Monday, Sep. 10, 1979
Billionaire Ludwig's Brazilian Gamble
The richest man in America risks his fortune in the Amazon, opening an untamed area
The scene is jarringly surrealistic. For thousands of square miles, there is nothing but the endless green of the Amazon rain forest, forbidding, primeval, untamed. Then, on a remote bend of the Jari River, a fast-flowing tributary, the vista changes dramatically. There, as tall as a 16-story building, stands a monument to modern engineering: a brand-new, spanking-white pulp plant, which reaches out with ducts, cables and conveyor belts to a wood-chipping mill, a chemical factory and a power generating facility.
The towering plant was built in Japan and towed in two sections last year to Brazil's interior, where it began start-up operations six months ago. The centerpiece of an industrial and agricultural complex of audacious scope and cost, the plant stands on a company-owned property of about 5,800 sq. mi., which is larger than Connecticut. The pulp factory and its ancillaries cost $400 million to construct. A companion plant is expected to be towed up the river and put in operation by the mid-1980s. To feed the plants with young trees, a vast reforestation is under way that will clear the land of old growth and establish huge new timber farms. The principal planting is the Gmelina arborea (pronounced malina ar-bor-ea), a hardwood native to Burma and India that grows to 15 in. in diameter in five years and 30 in twelve, or roughly twice as fast as the southern pine, a major source of American pulp.
Trees constitute only one of the crops.
Brazilian and U.S. experts, using the "miracle rice" imported from the Philippines, are developing the world's largest fields, which already cover some 7,900 acres. A big poultry farm is being set up, and experiments are under way to breed a more robust strain of water buffalo.
All this has been conceived, directed, and largely financed by one man: Daniel Keith Ludwig; 82, the secretive shipowner and industrialist whose estimated net worth of $3 billion or more makes him the richest American. Tough-minded and intensely shy, Ludwig is sole owner of his enterprises and thus must answer to no one. Operating from offices in Manhattan's Burlington House, he runs a maze of companies (he has 19 in Brazil alone). His flagship firm, National Bulk Carriers, operates one of the world's largest private fleets of huge supertankers and cargo ships. He is also proprietor of an array of global enterprises, which include the Princess hotel chain in Mexico, the Bahamas and Bermuda, oil refineries and a number of savings and loan associations in the U.S.

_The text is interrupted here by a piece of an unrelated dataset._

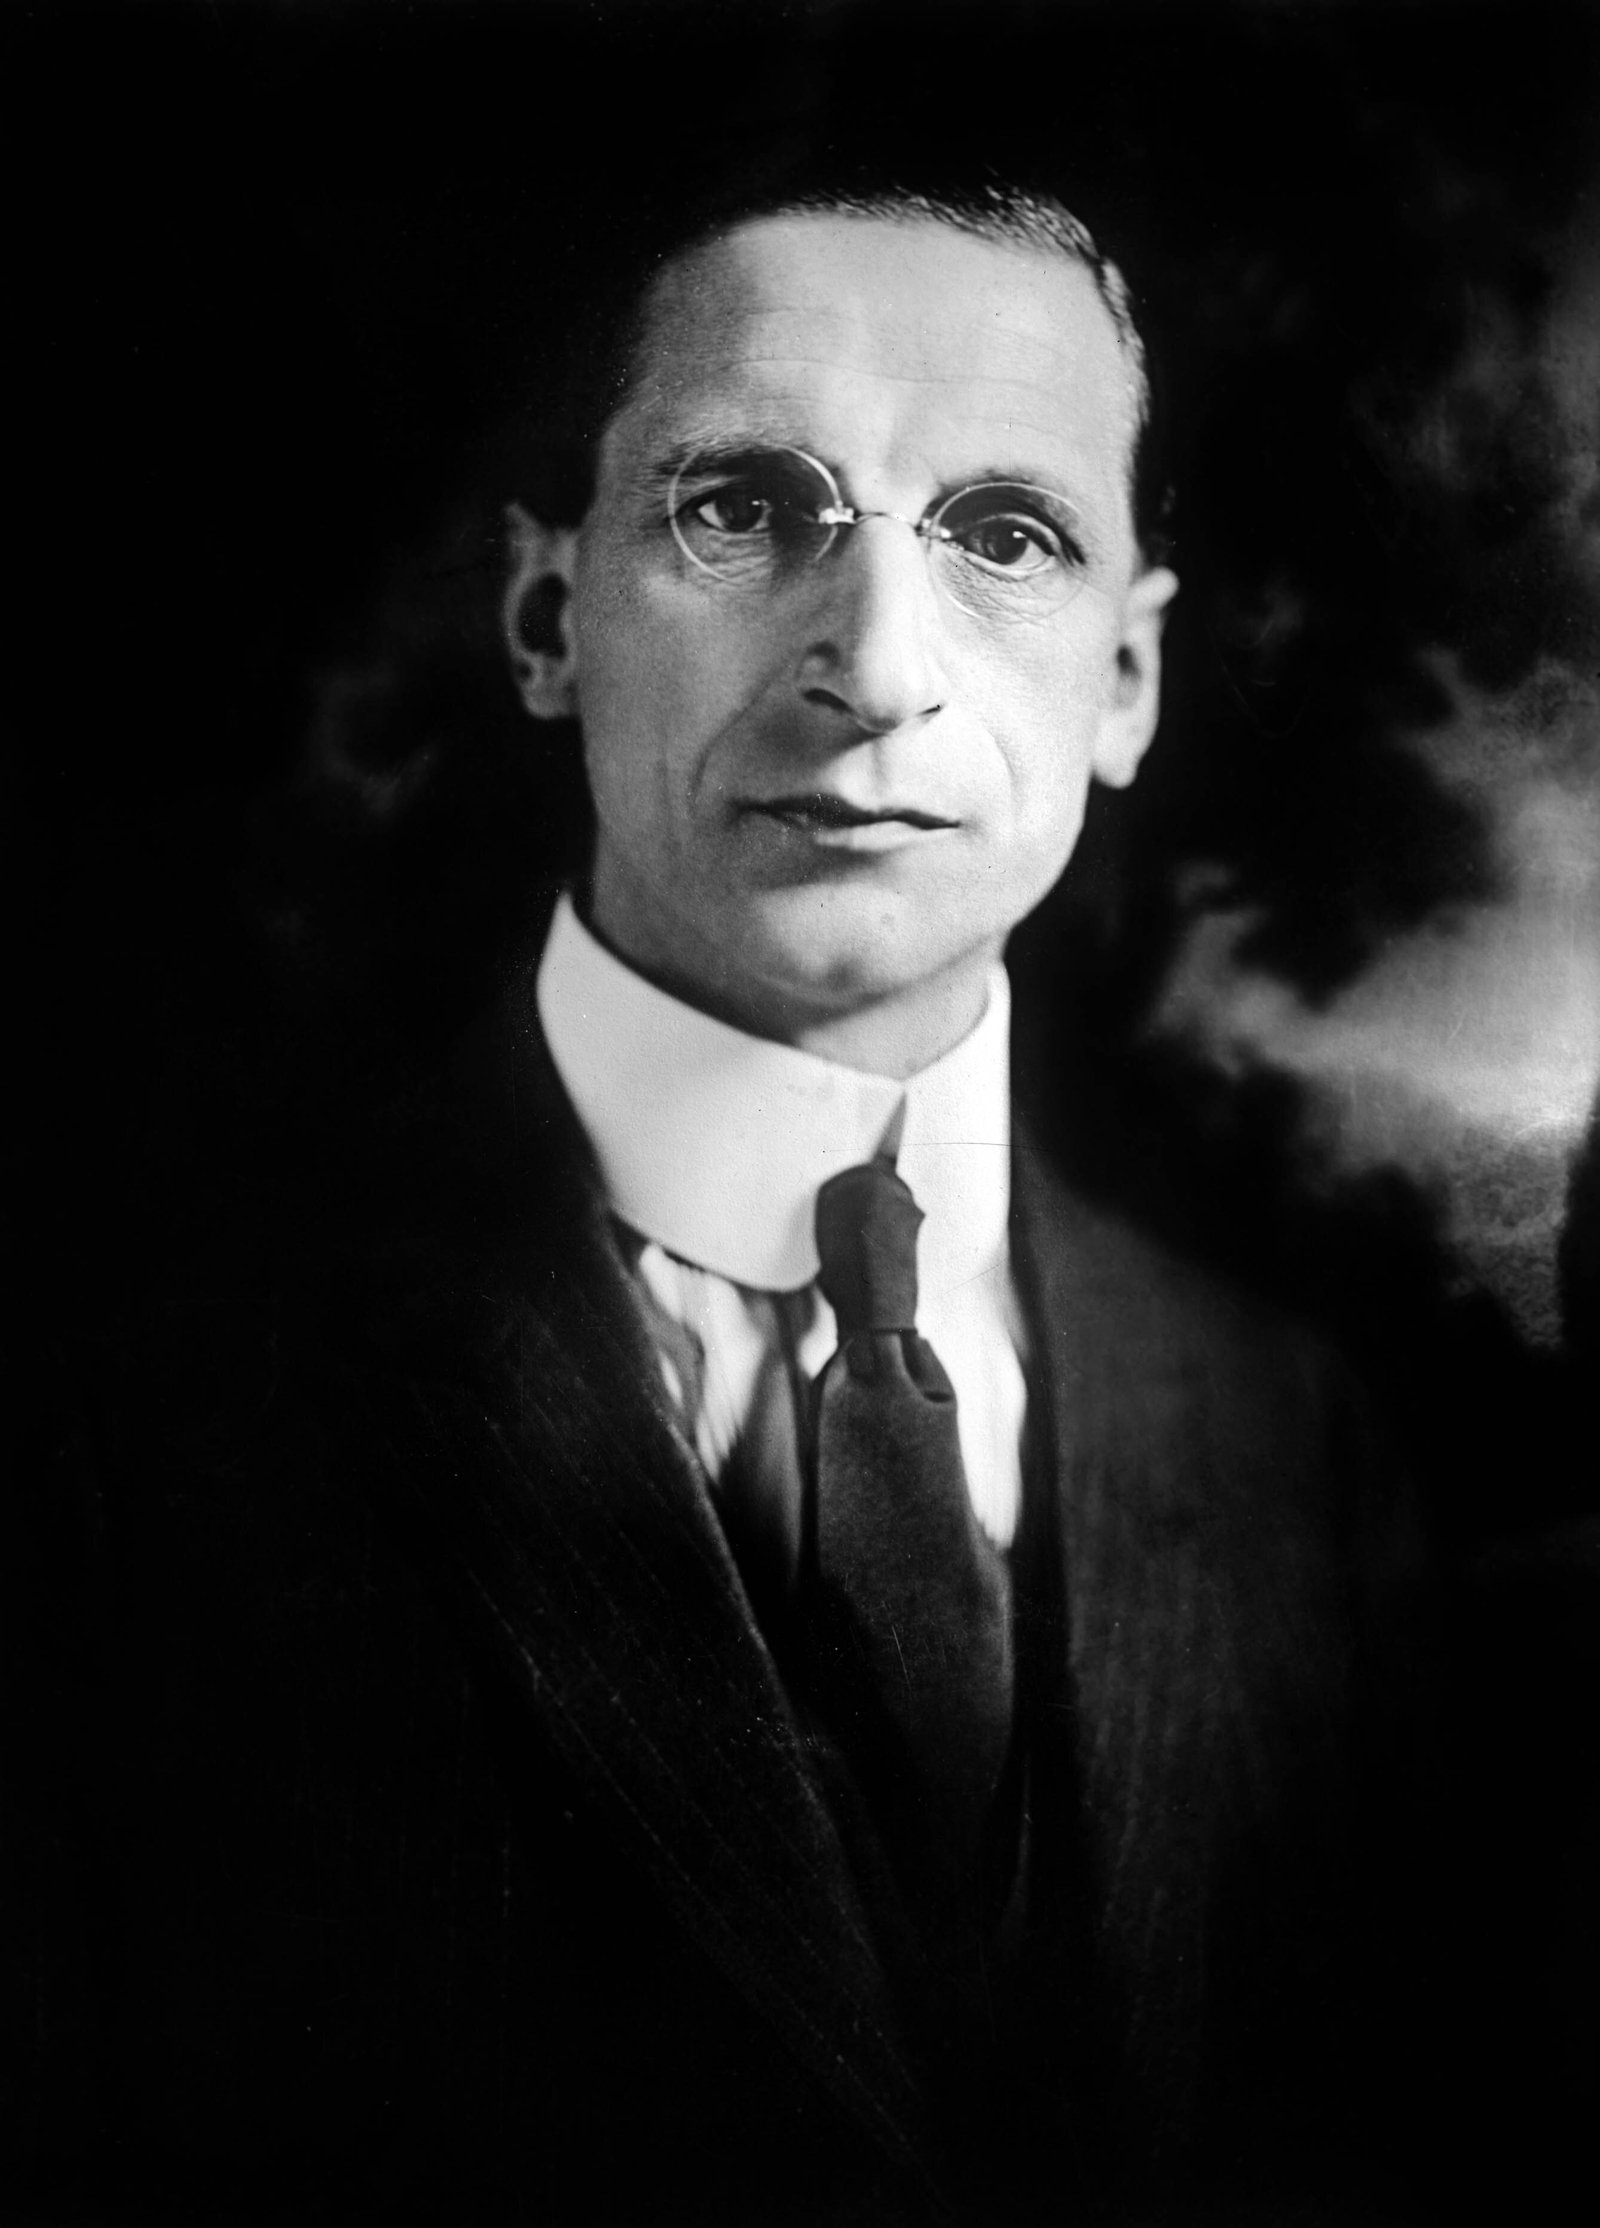 Image - Éamon de Valera: '....it is absolutely inconsistent with our position; it gives away Irish independence; it brings us into the British Empire...' Credit: Getty Images

Ludwig's fortune is based on foresight; after World War II, he built the first supertanker in Japan and devised the means to finance ships through long-term charters. Recalls a former aide: "Often he just sits in his office and thinks three or five years down the road." In the 1950s Ludwig began pondering the world's increasing use, and dwindling supply, of pulp and timber. After surveying sites in Venezuela and elsewhere he settled on Brazil, in part because he found an immense tract for the right price. He bought the land in 1967 for less than $1 an acre.
But the Amazon is so wild that Ludwig was obliged to become a one-man development program. In the past twelve years, his Jari Forestry and Agricultural Enterprises has invested some $780 million, of which $520 million came directly from Ludwig's resources. He has carved from the rain forest four towns (the largest of which is Monte Dourado), as well as an 85-bed hospital, four schools, 4,500 miles of roads and trails, a 26-mile railroad, and three small airports. The project has attracted so many job seekers, peddlers and hangers-on that the population of the area has surged from almost nothing to 30,000.
Reports TIME'S Buenos Aires bureau chief George Russell, who visited the project: "Ludwig's efforts in the Amazon are capitalism in its most epic sense. But he has wisely insisted on 'Brazilianizing' Jari: only 40 of the 8,500-member labor force are non-Brazilian. He has drawn university graduates from the country's south, illiterate laborers from Brazil's economically stricken northeast, and equally unfortunate natives from the Amazon's primitive villages. Ludwig's managers at Jari claim with pride that they have created a true meritocracy with instant opportunities for advancement for anyone who shows talent and the desire."
Since Brazilian law prohibits a corporation from profiting from the many services necessary in running a community, the Jari enterprise must give away or sell at no profit a large range of services and amenities. It operates a supermarket where goods are sold at just above cost, provides free meals to employees in company cafeterias and runs an air shuttle service that charges no fares.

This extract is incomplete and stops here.